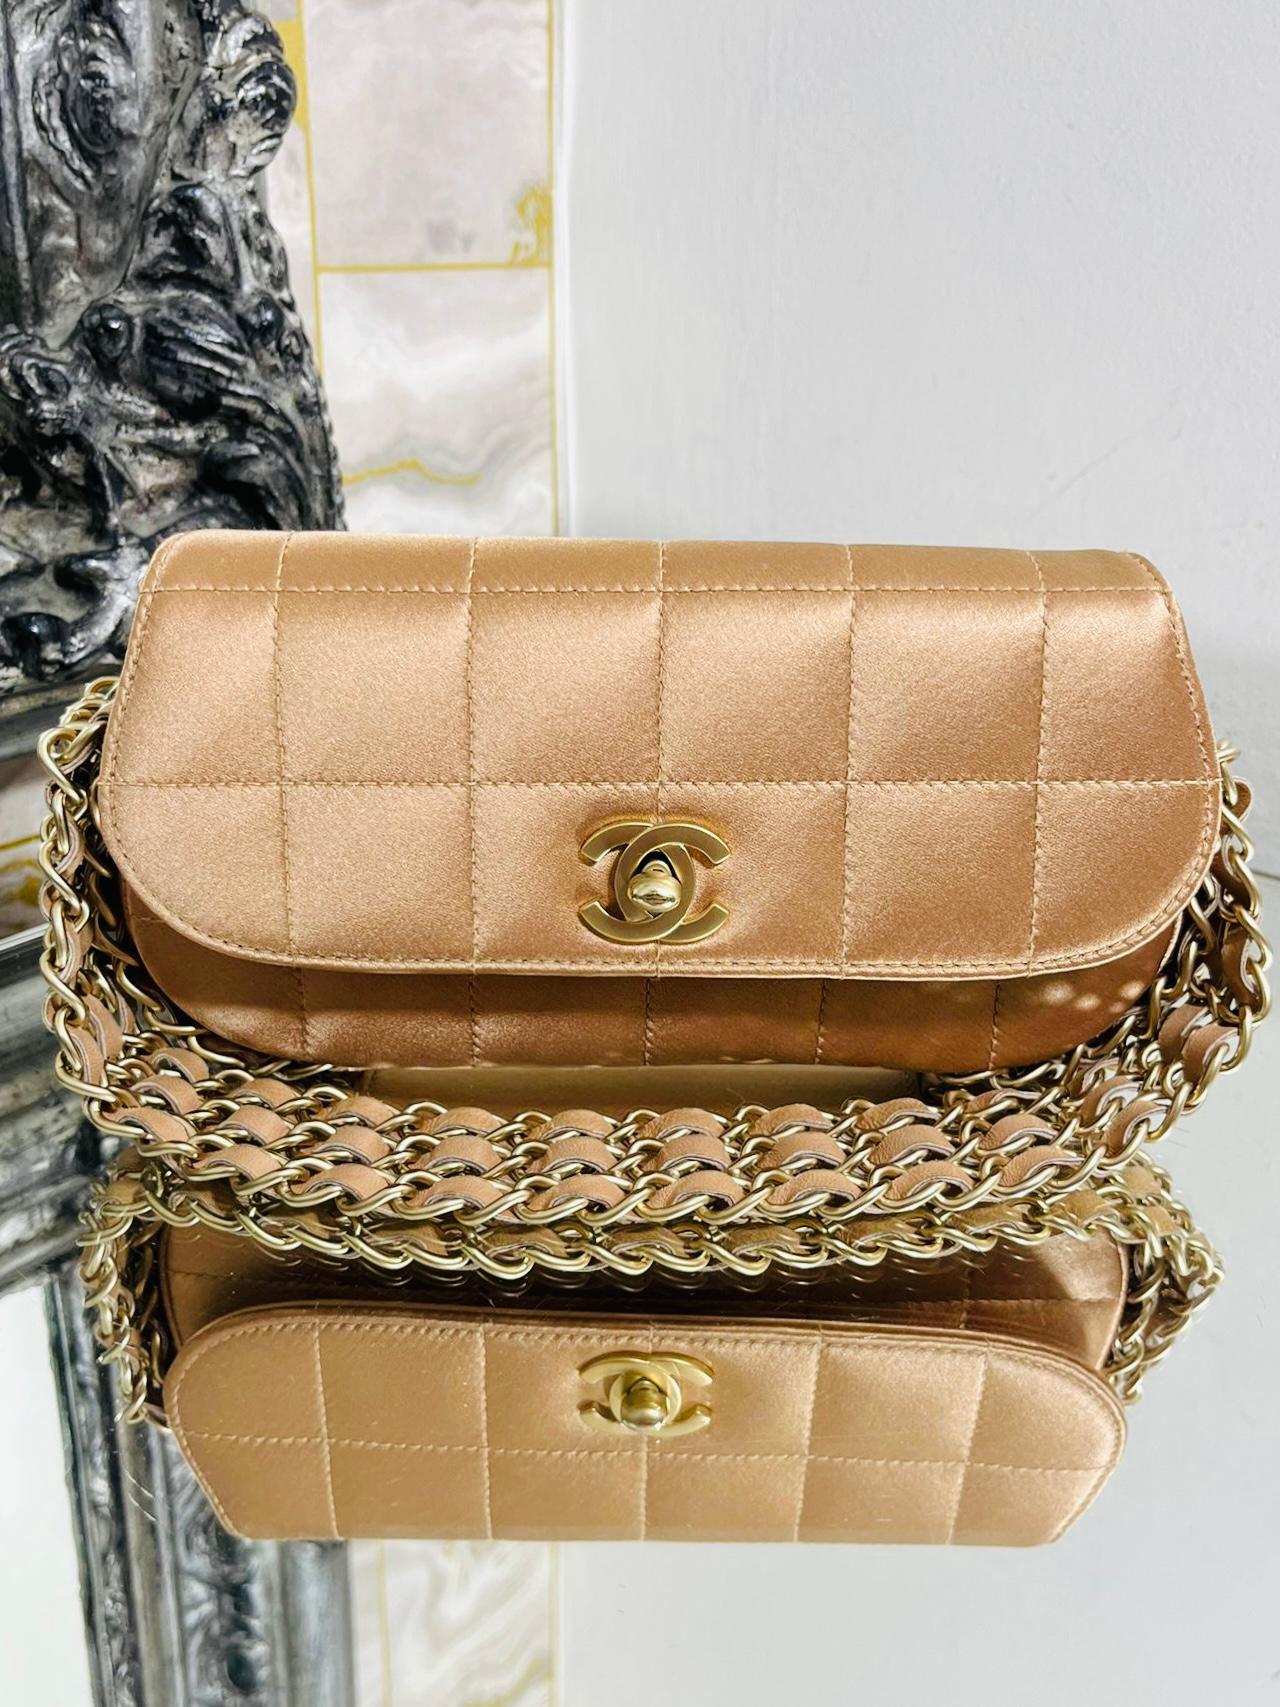 Chanel Chocolate Bar Five Chain Flap Bag

Peach tine satin bag with square stitch detailing and 'CC' twist lock closure.

Five rows of leather and chain trim and shoulder strap. From 2004/05.

Size - Height 10cm, Width 21cm, Depth 3.5cm

Condition -
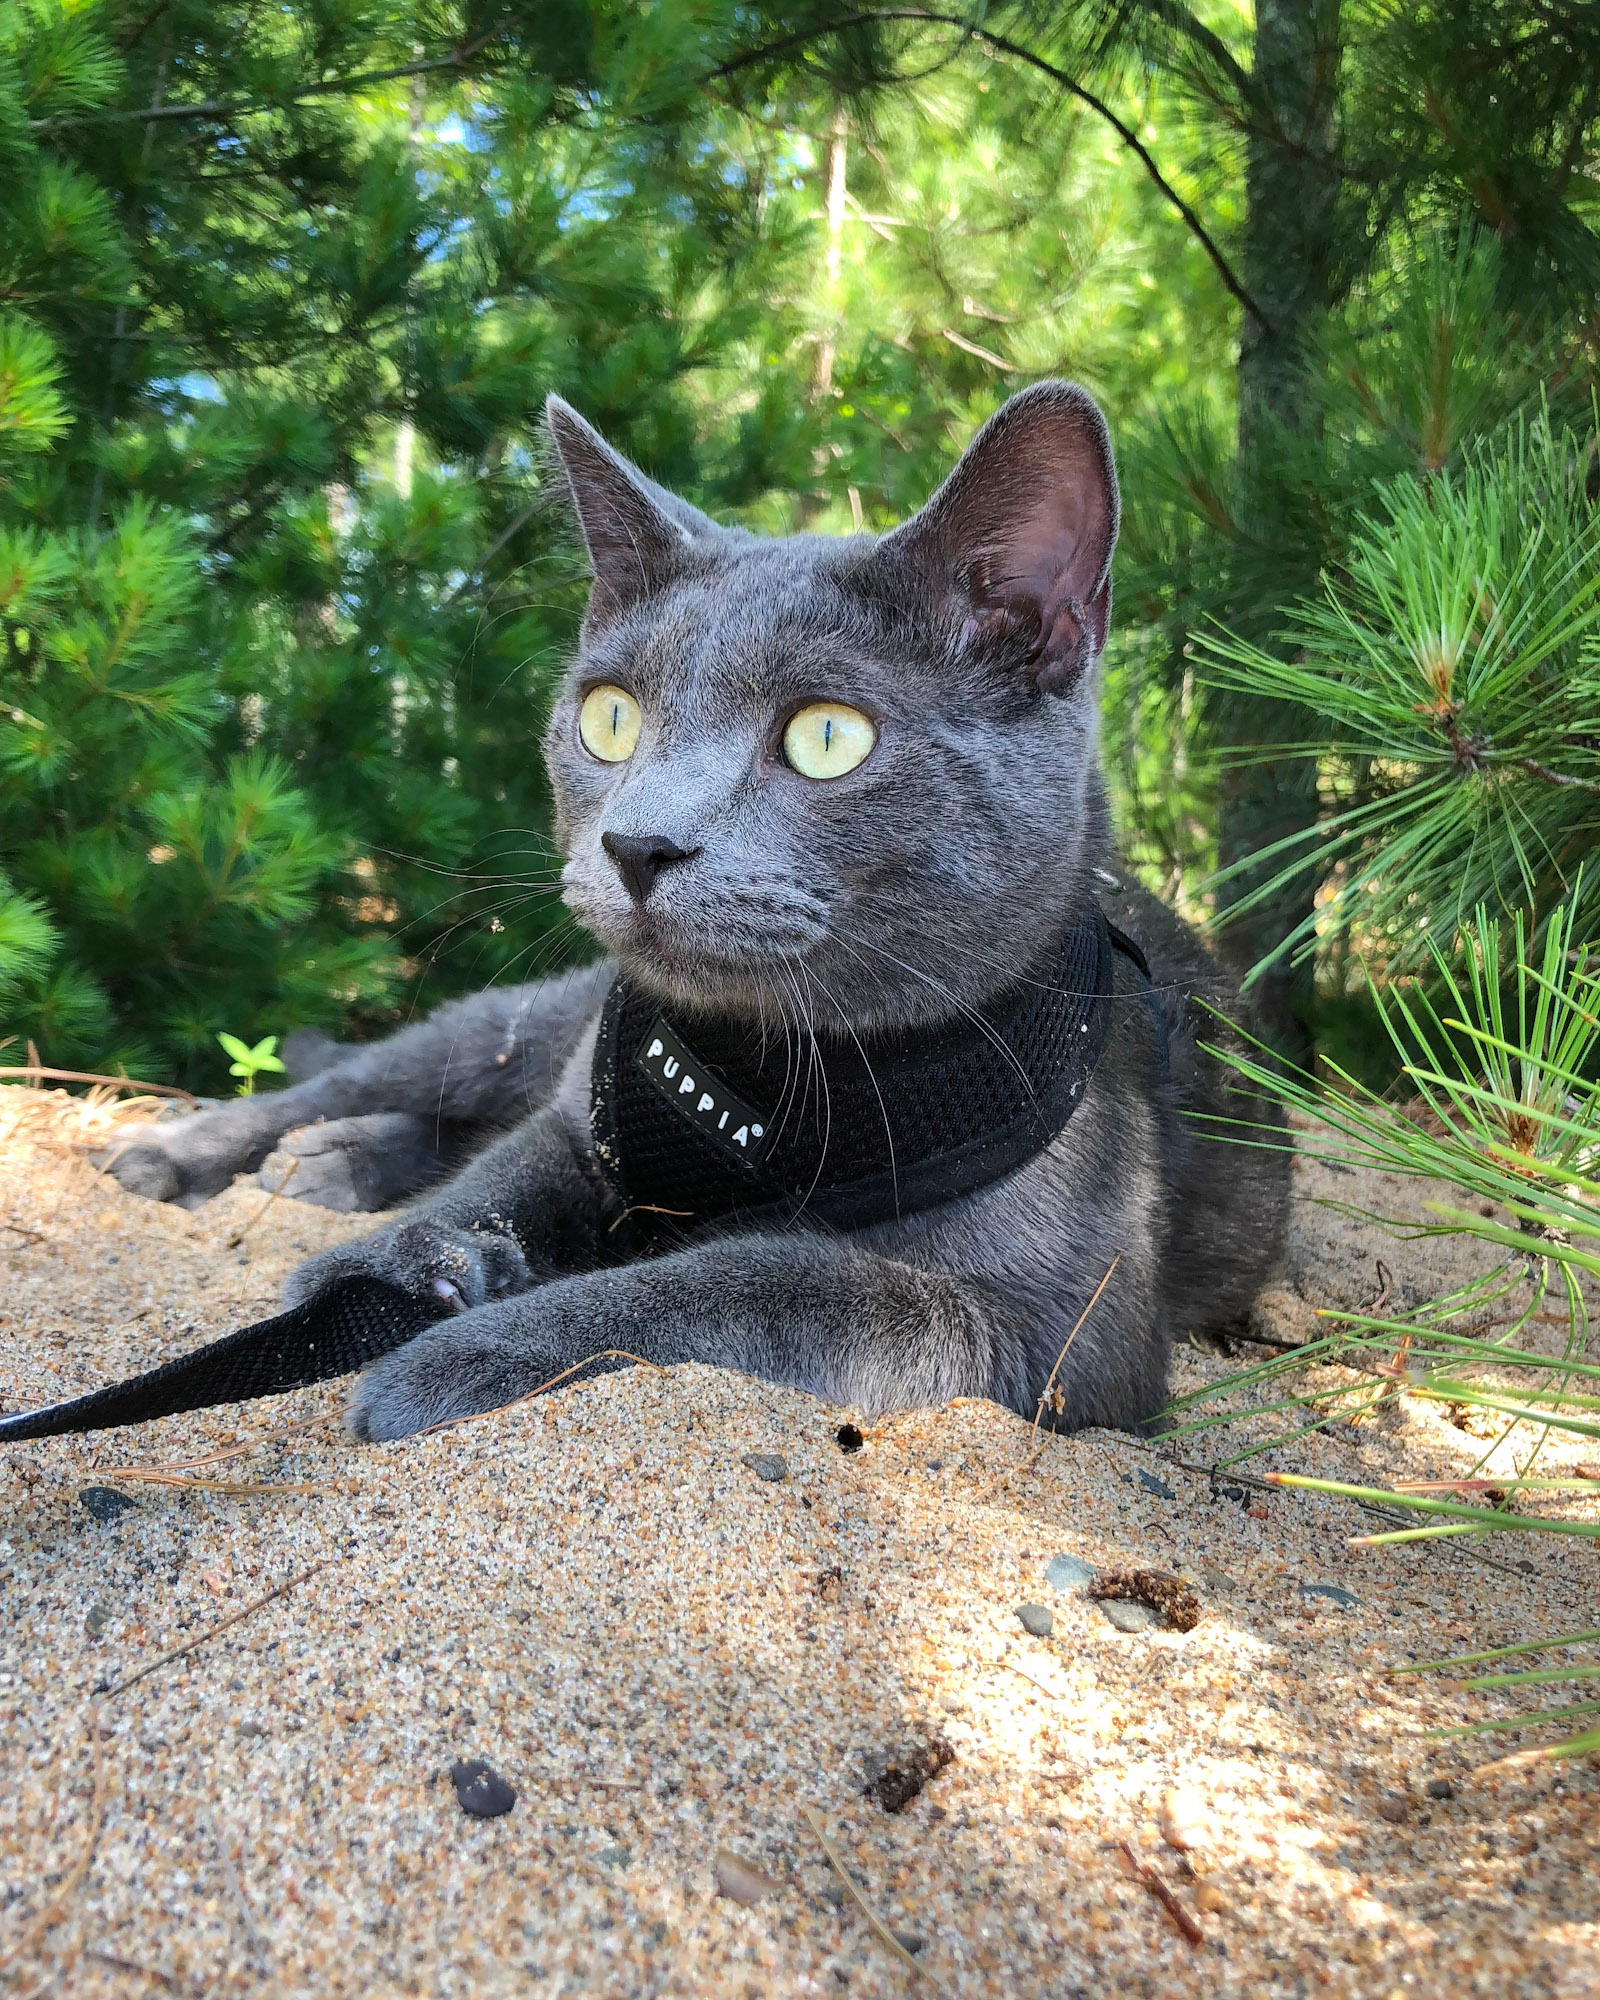 cat in harness rests among evergreen trees
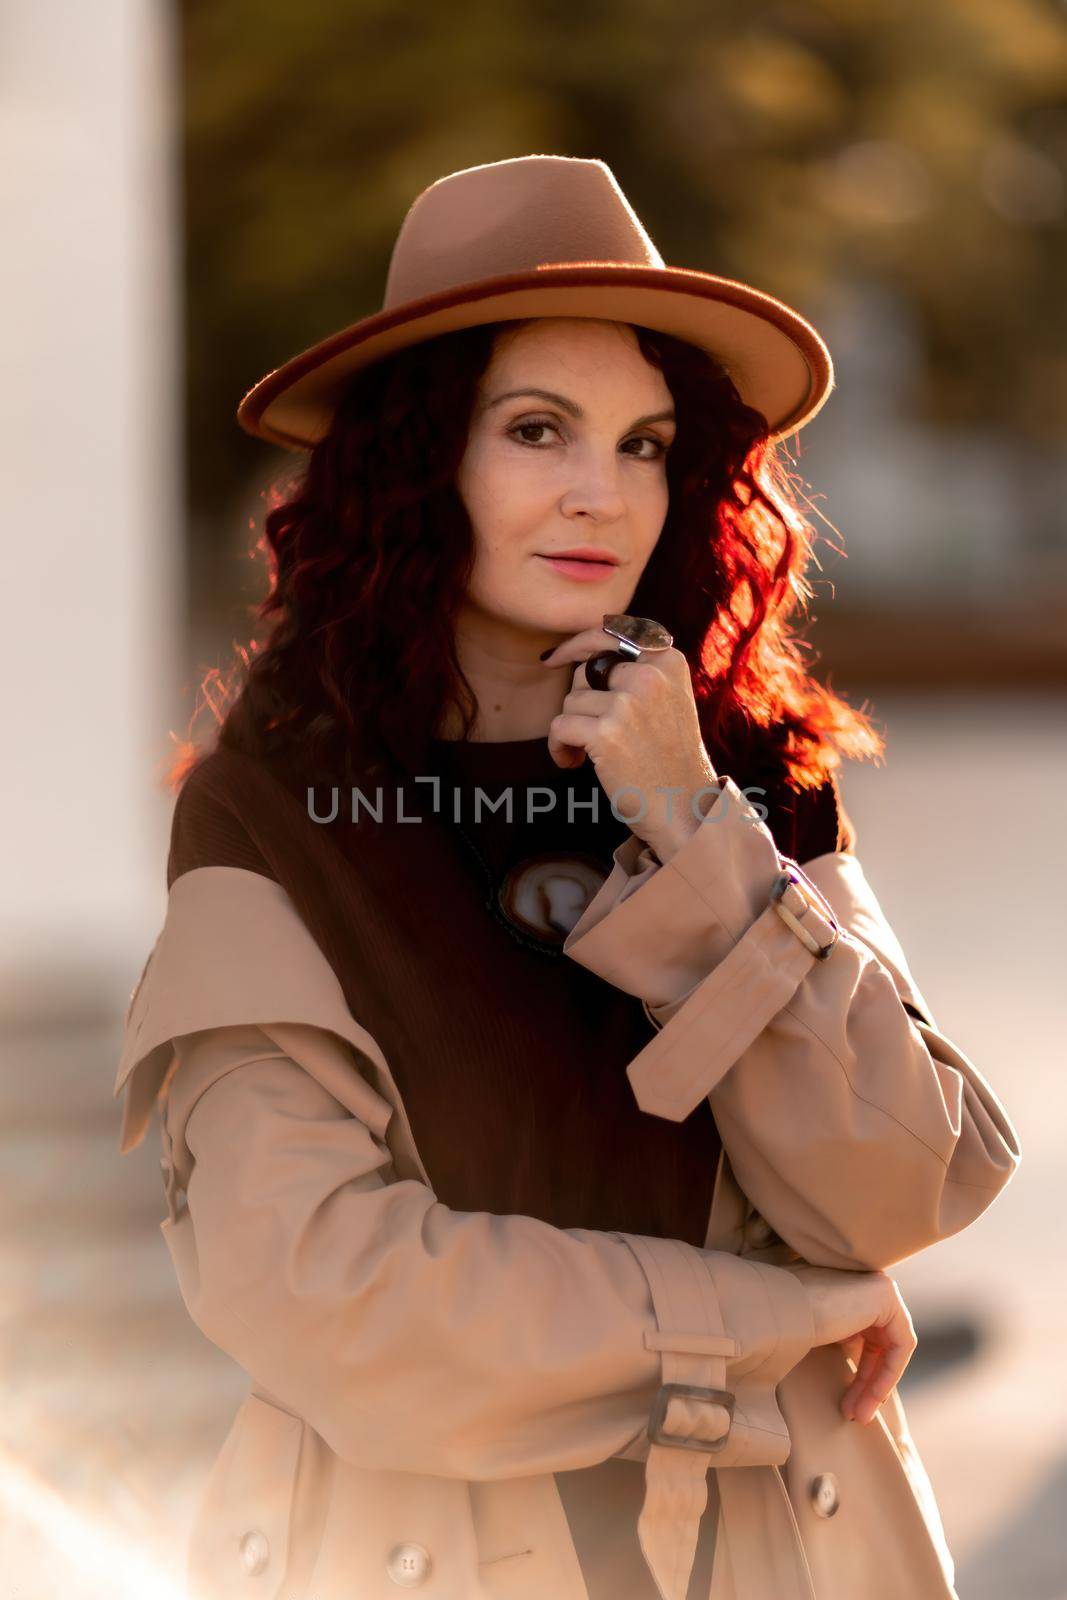 Outdoor fashion portrait of young elegant fashionable brunette woman, model in stylish hat, choker and light raincoat posing at sunset in European city

########################################

ASSIGNMENT: Print, word for word, every entry shown above; the pictures stay out.

TASK ANSWER:
 Chanel Chocolate Bar Five Chain Flap Bag

Peach tine satin bag with square stitch detailing and 'CC' twist lock closure.

Five rows of leather and chain trim and shoulder strap. From 2004/05.

Size - Height 10cm, Width 21cm, Depth 3.5cm

Condition -
 cat in harness rests among evergreen trees
 Outdoor fashion portrait of young elegant fashionable brunette woman, model in stylish hat, choker and light raincoat posing at sunset in European city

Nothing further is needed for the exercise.